As the chapter proceeds, Losurdo underscores that Bonapartism is attractive because it offers certainty and coherence in times of crisis. When social conflicts threaten to overwhelm political institutions, the appeal of a strong, unifying leader becomes almost irresistible. Yet he warns that this comes at a steep price: the erosion of democratic culture and the infantilization of citizens, whose role is reduced to acclamation and passive consent.
In closing, Losurdo insists that genuine democracy requires more than universal suffrage. It demands institutionalized conflict, respect for minorities, and the preservation of countervailing powers that prevent any single force from claiming to speak exclusively for the people. He calls on readers to resist the Bonapartist impulse by defending pluralism and the complexity of democratic life—even when it is messy, inefficient, or frustrating.
Key Points from Chapter 7
- Bonapartism is a recurring dynamic, not just a historical anomaly.
- Its core features are charismatic leadership, plebiscitary legitimation, and the suppression of intermediaries.

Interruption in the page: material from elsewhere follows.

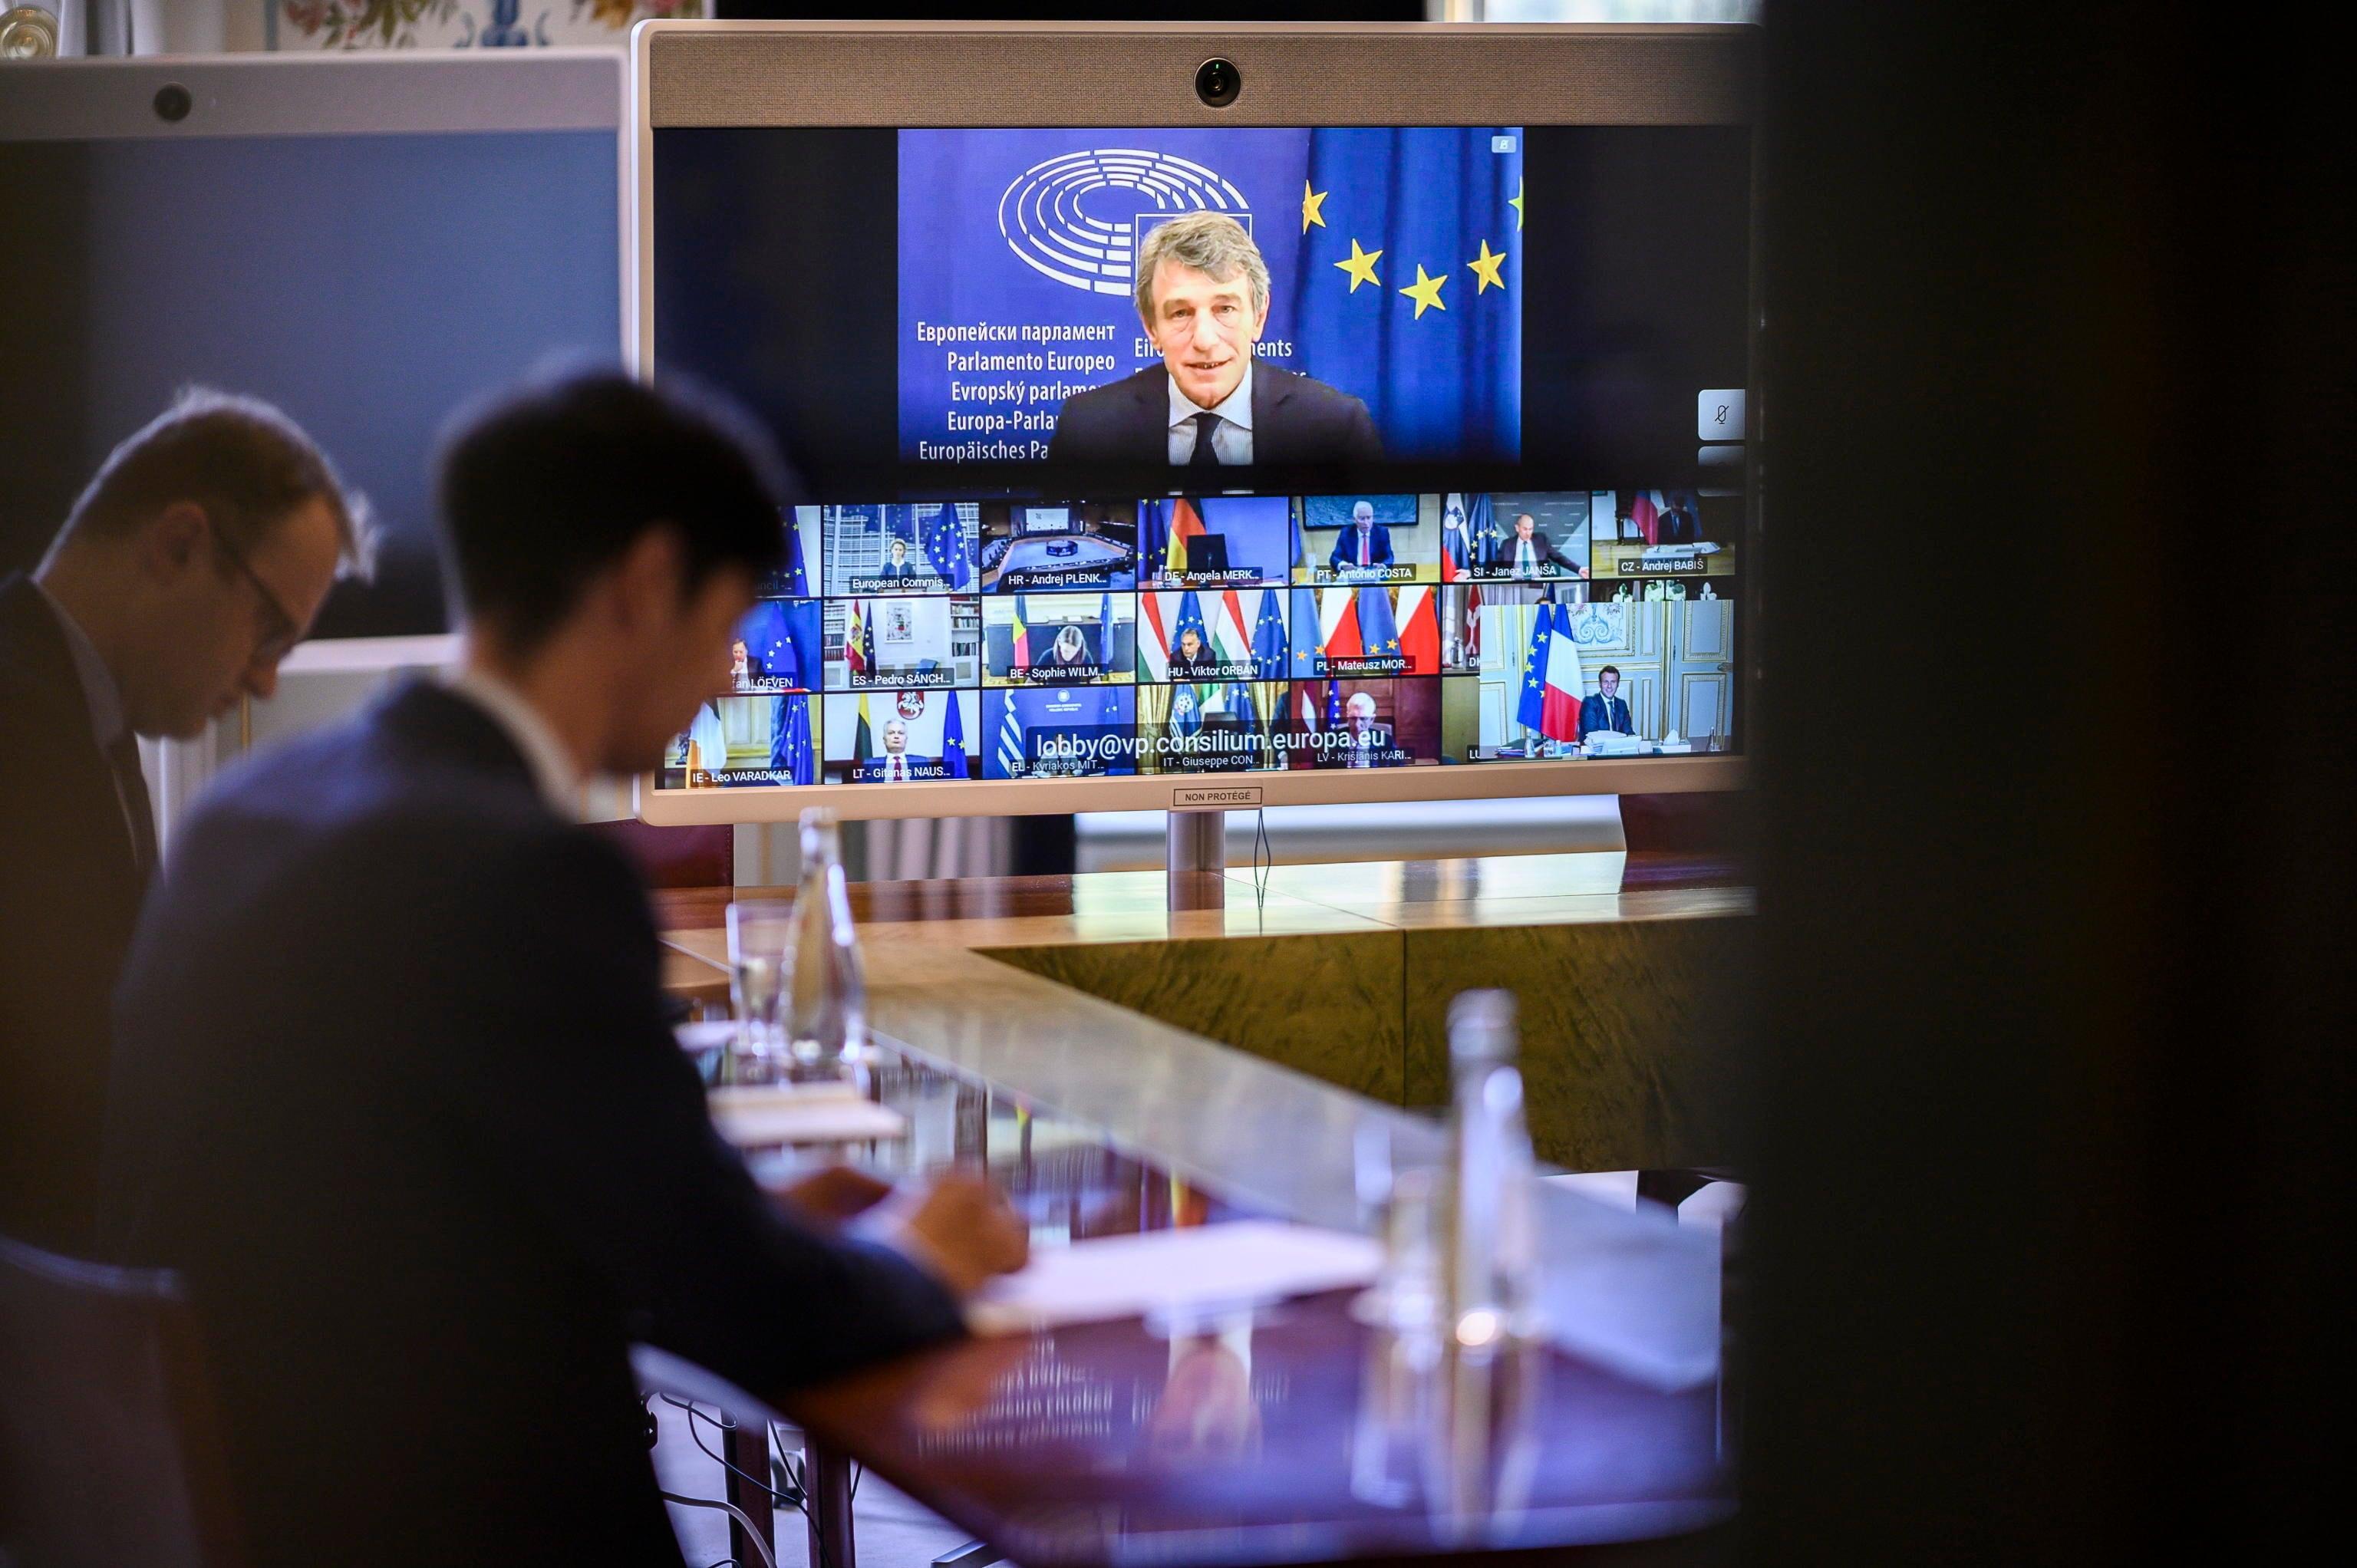 consiglio europeo recovery

- Fascist regimes exemplified an extreme form of Bonapartism.
- Media technologies—then and now—enable direct leader-mass communication that undermines pluralism.
- The ideology of a unifying figure who embodies the general will has deep philosophical roots.
- Bonapartism thrives in crises because it promises clarity and order.
- True democracy requires institutional safeguards, respect for dissent, and acceptance of conflict.